= Collected data =
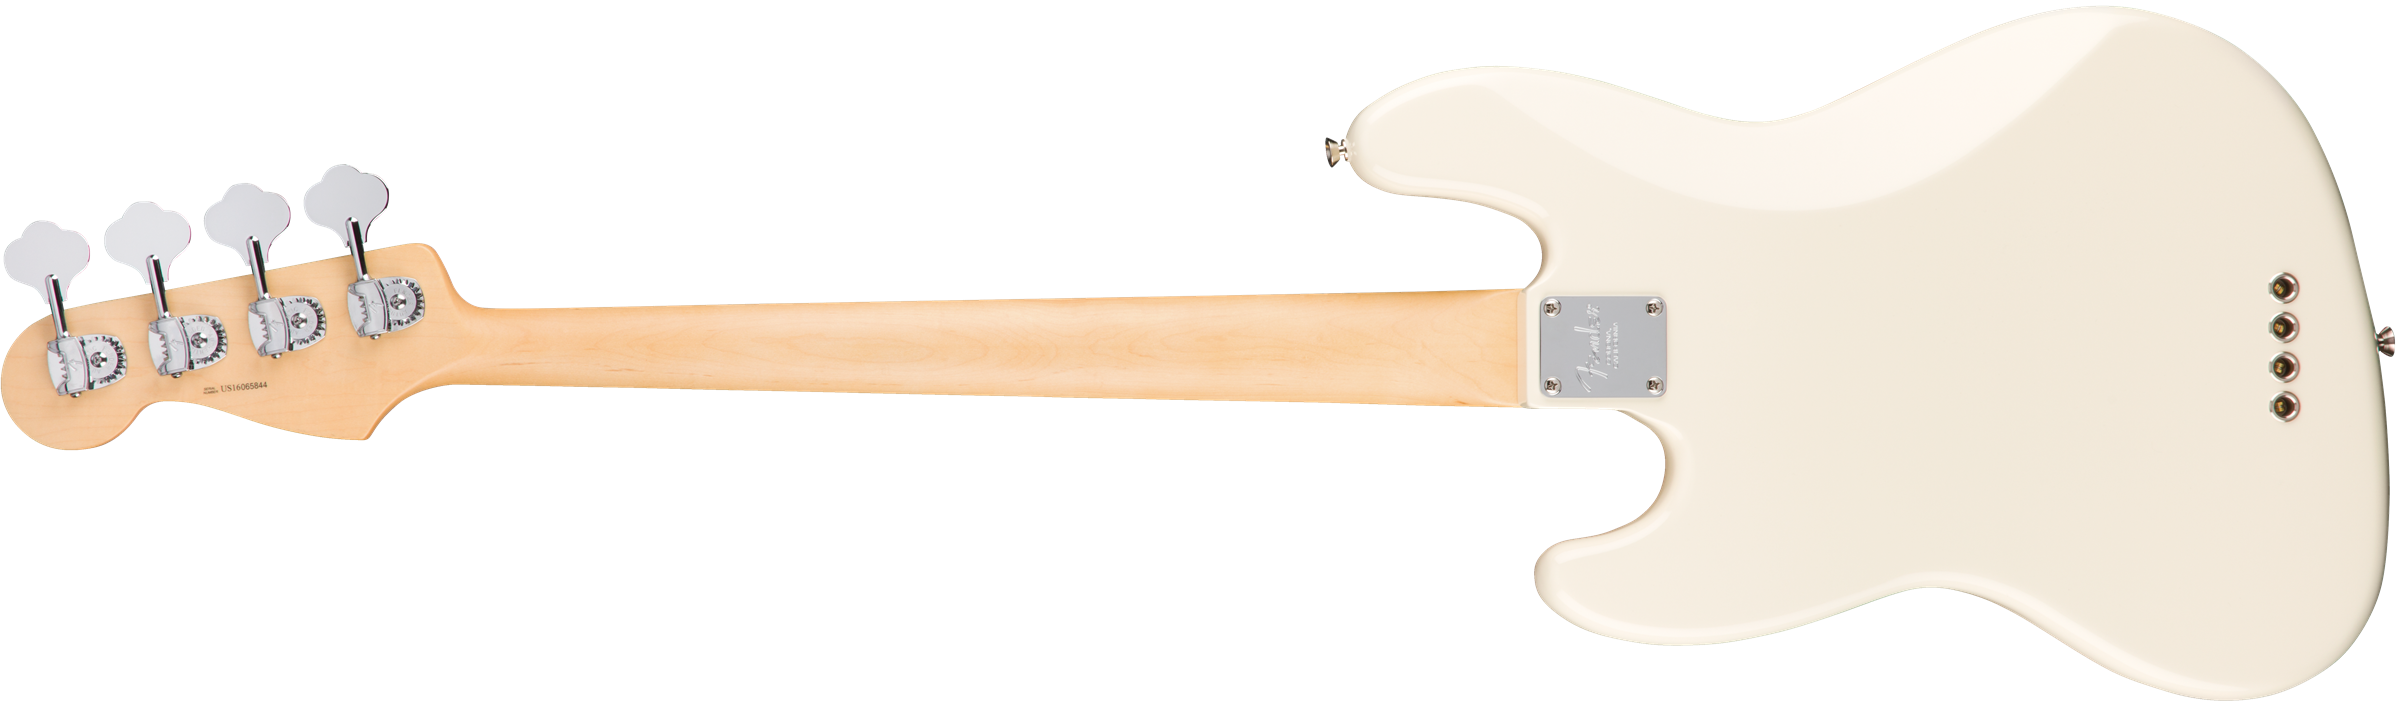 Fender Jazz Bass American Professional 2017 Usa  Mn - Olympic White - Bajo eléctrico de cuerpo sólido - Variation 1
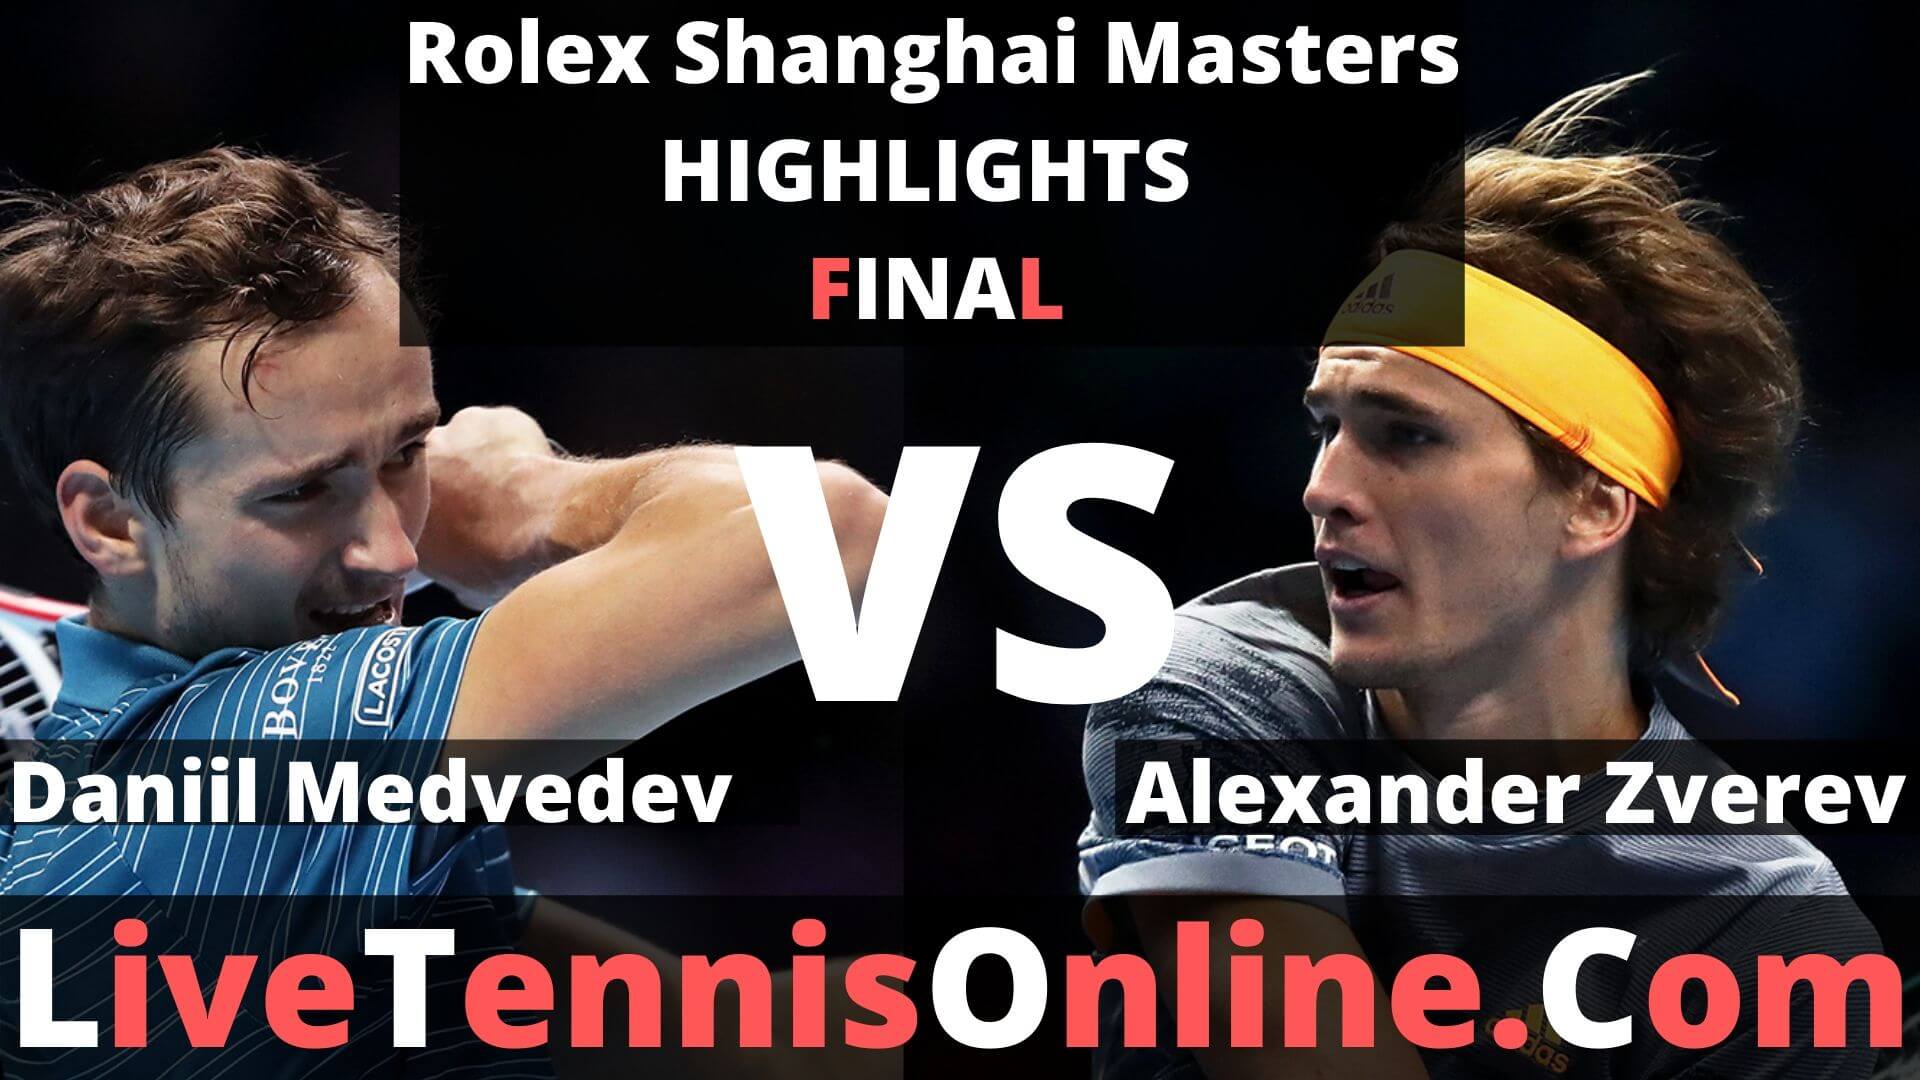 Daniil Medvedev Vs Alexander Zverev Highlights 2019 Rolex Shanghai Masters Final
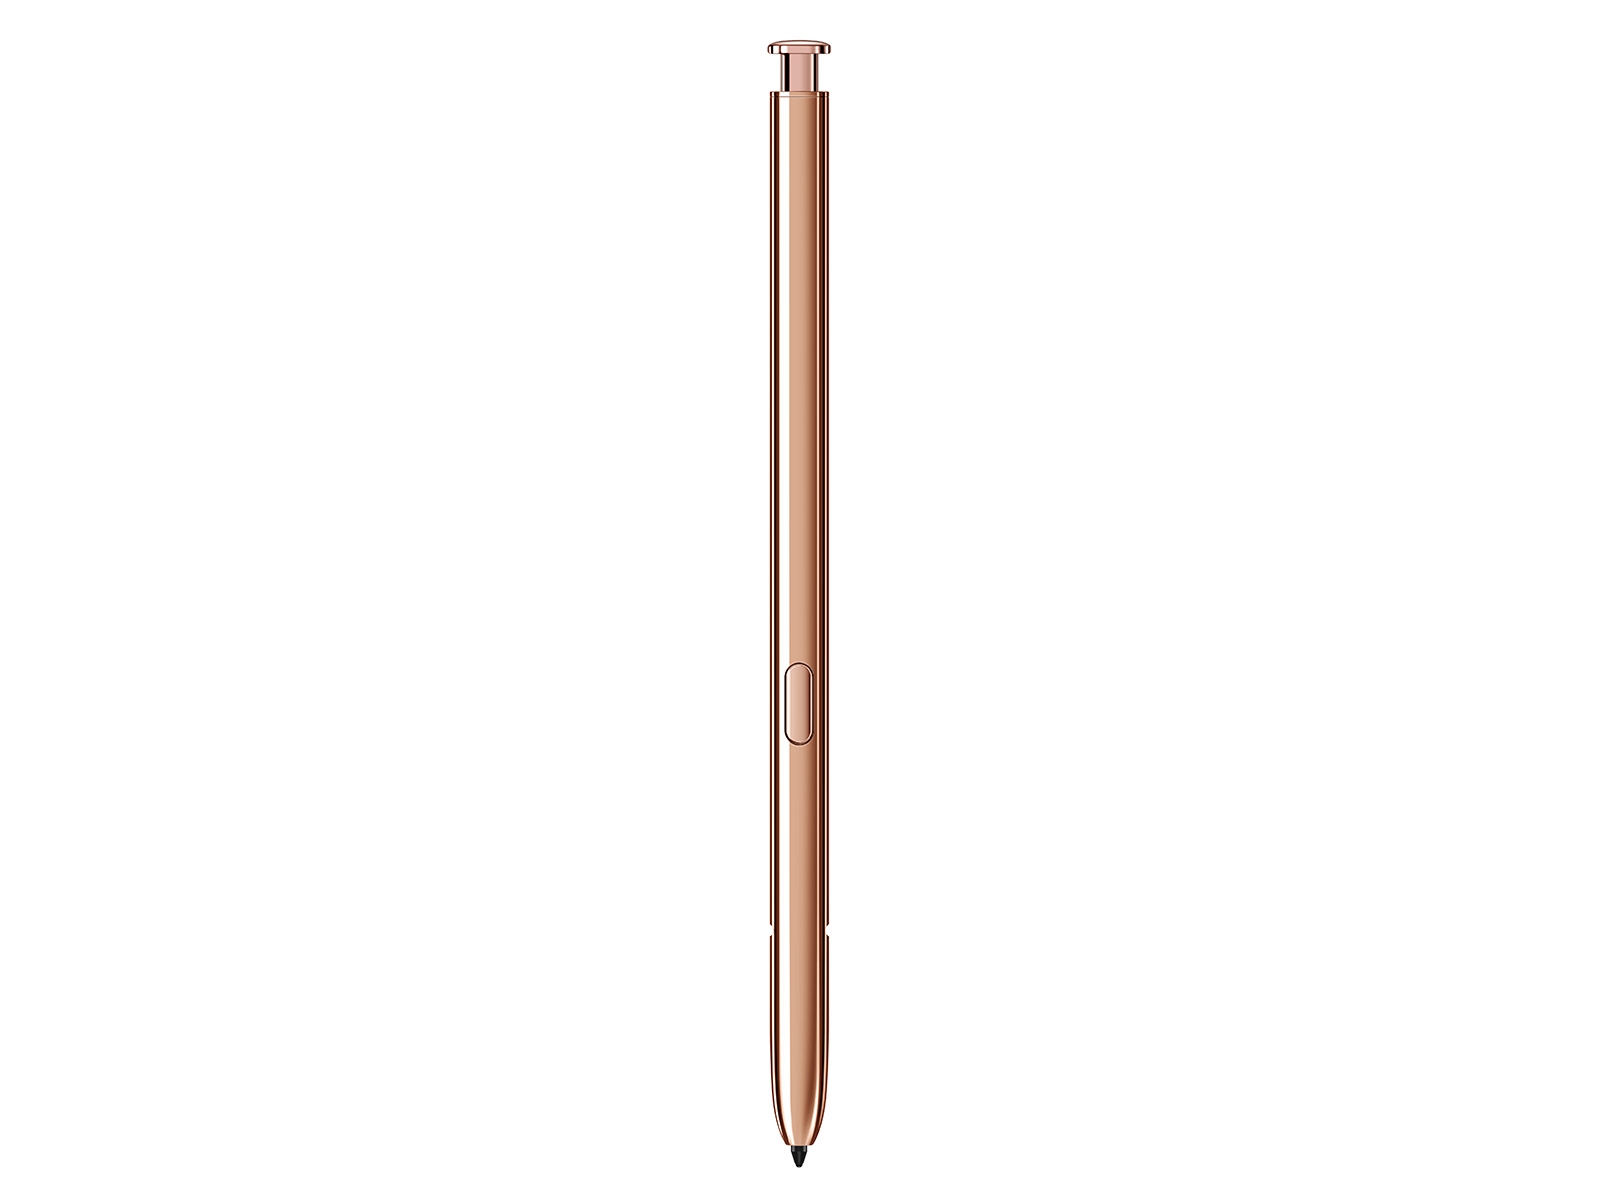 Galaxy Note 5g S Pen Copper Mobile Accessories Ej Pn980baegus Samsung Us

= Goal of the exercise =
The full listing, reproduced exactly and without pictures, is the expected output.

= Solution to this task =
 Fender Jazz Bass American Professional 2017 Usa  Mn - Olympic White - Bajo eléctrico de cuerpo sólido - Variation 1
 Daniil Medvedev Vs Alexander Zverev Highlights 2019 Rolex Shanghai Masters Final
 Galaxy Note 5g S Pen Copper Mobile Accessories Ej Pn980baegus Samsung Us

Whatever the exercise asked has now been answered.